Un manga amusant, aux personnages diversifiés !

Un manga amusant, aux personnages diversifiés !

 

Par Amalia Greve Danielsen

 

Les mangas sont, à mon humble avis, la spécialité des Japonais. Ils maîtrisent très bien cet art, et tous les mangas et les animés que je suis, comme Bleach, Hunter x Hunter et Magi, sont d’origine japonaise. Cela explique pourquoi j’ai été si agréablement surprise lorsque j’ai récemment fait la découverte de Radiant, une série de mangas français.
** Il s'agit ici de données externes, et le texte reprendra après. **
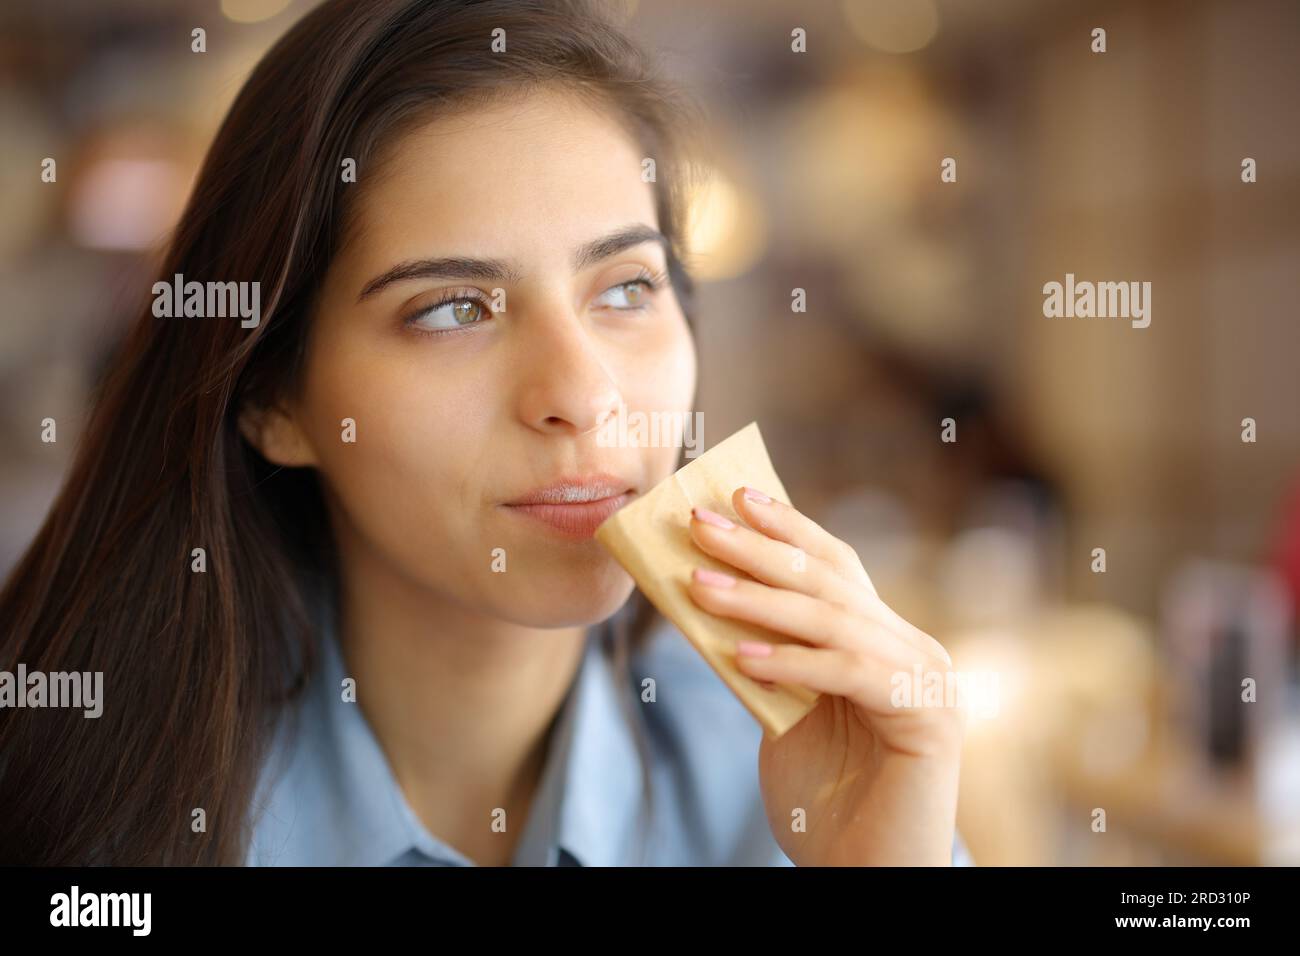 Cliente del restaurante que limpia la boca con papel de seda mirando hacia otro lado Foto de stock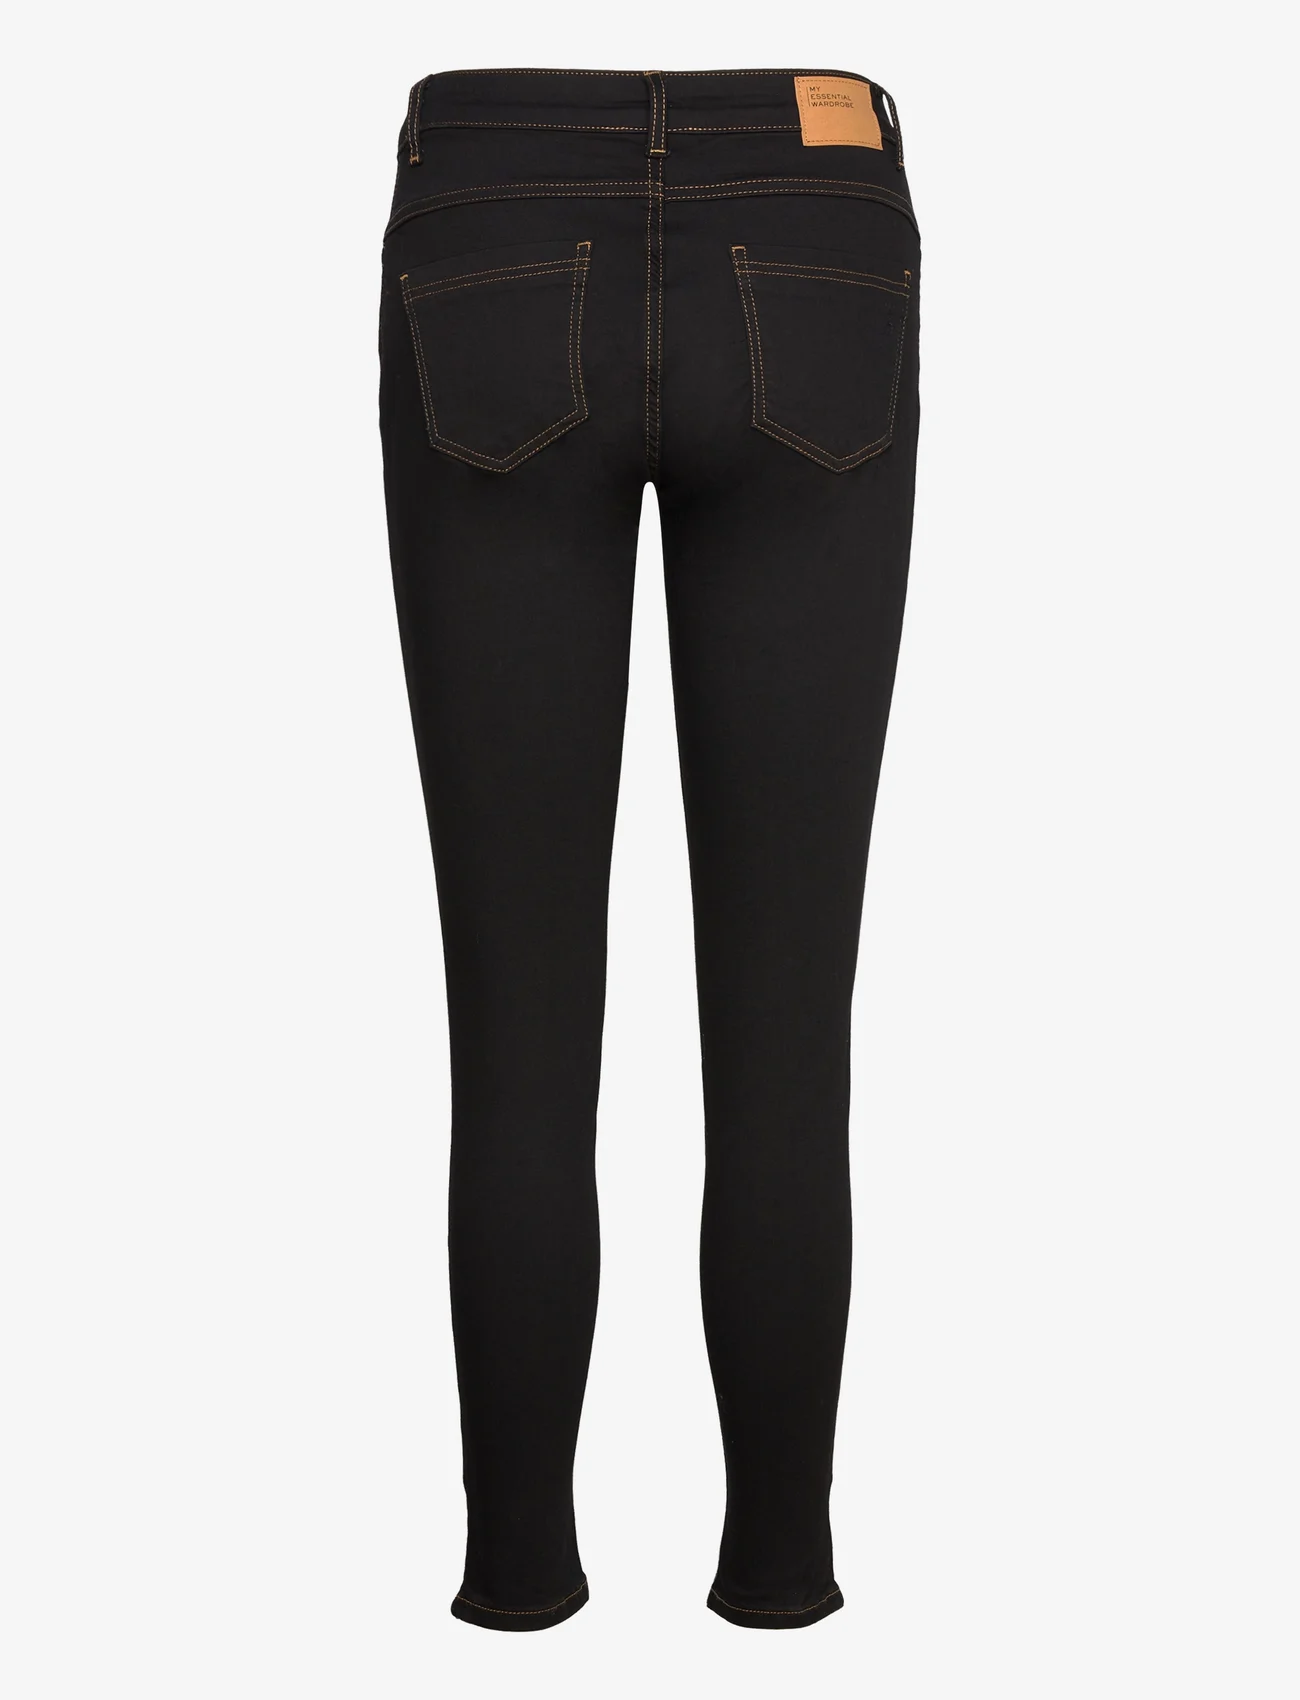 My Essential Wardrobe - 37 THE CELINAZIP 101 HIGH SLIM Y - slim jeans - black vintage wash - 1

En fait, plus que surprise, j’étais littéralement soufflée ! Tony Valente, le mangaka, a su créer avec Radiant un manga qui rejoint le niveau des Japonais, tout en gardant une certaine touche française, un humour qu’on sent plus vrai, qui n’est pas passé par le filtre de la traduction. Demeurant à Montréal, Tony Valente a écrit jusqu’à présent les six premiers tomes de Radiant, qui sont publiés par les éditions Ankama depuis 2013. Il ne m’a fallu lire que le premier chapitre du premier tome pour me convaincre que j’étais tombée sur une excellente série ! « Oui, oui, on comprend que t’as aimé ça, mais de quoi ça parle, Amalia ? » Bon… L’histoire de Radiant se déroule dans un monde où les habitants vivent sur des îlots parmi les nuages et où il arrive que tombent du ciel des monstres dévastateurs appelés « némésis ». Les « infectés », des gens nommés ainsi parce qu’ils sont des sorciers ayant survécu au contact des némésis, sont craints au même titre que les monstres tout en étant les seuls êtres capables de les combattre. En effet, dans l’univers de Radiant, lorsqu’on a le malheur d’être à proximité d’un némésis au moment où celui-ci tombe du ciel, on développe d’étranges caractéristiques comme de petites cornes qui nous poussent sur le crâne ou des maux de tête qui nous affligent sans cesse. De plus, après avoir survécu au contact d’un némésis, les infectés se retrouvent capables d’utiliser la même mystérieuse énergie que les monstres manipulent pour tout détruire, soit le Fantasia. C’est dans ce cadre qu’on suit les aventures de Seth, un jeune apprenti sorcier, qui quitte son îlot pour apprendre à mieux manier le Fantasia et pour détruire le Radiant, qui serait le repère des némésis s’il fallait en croire la rumeur…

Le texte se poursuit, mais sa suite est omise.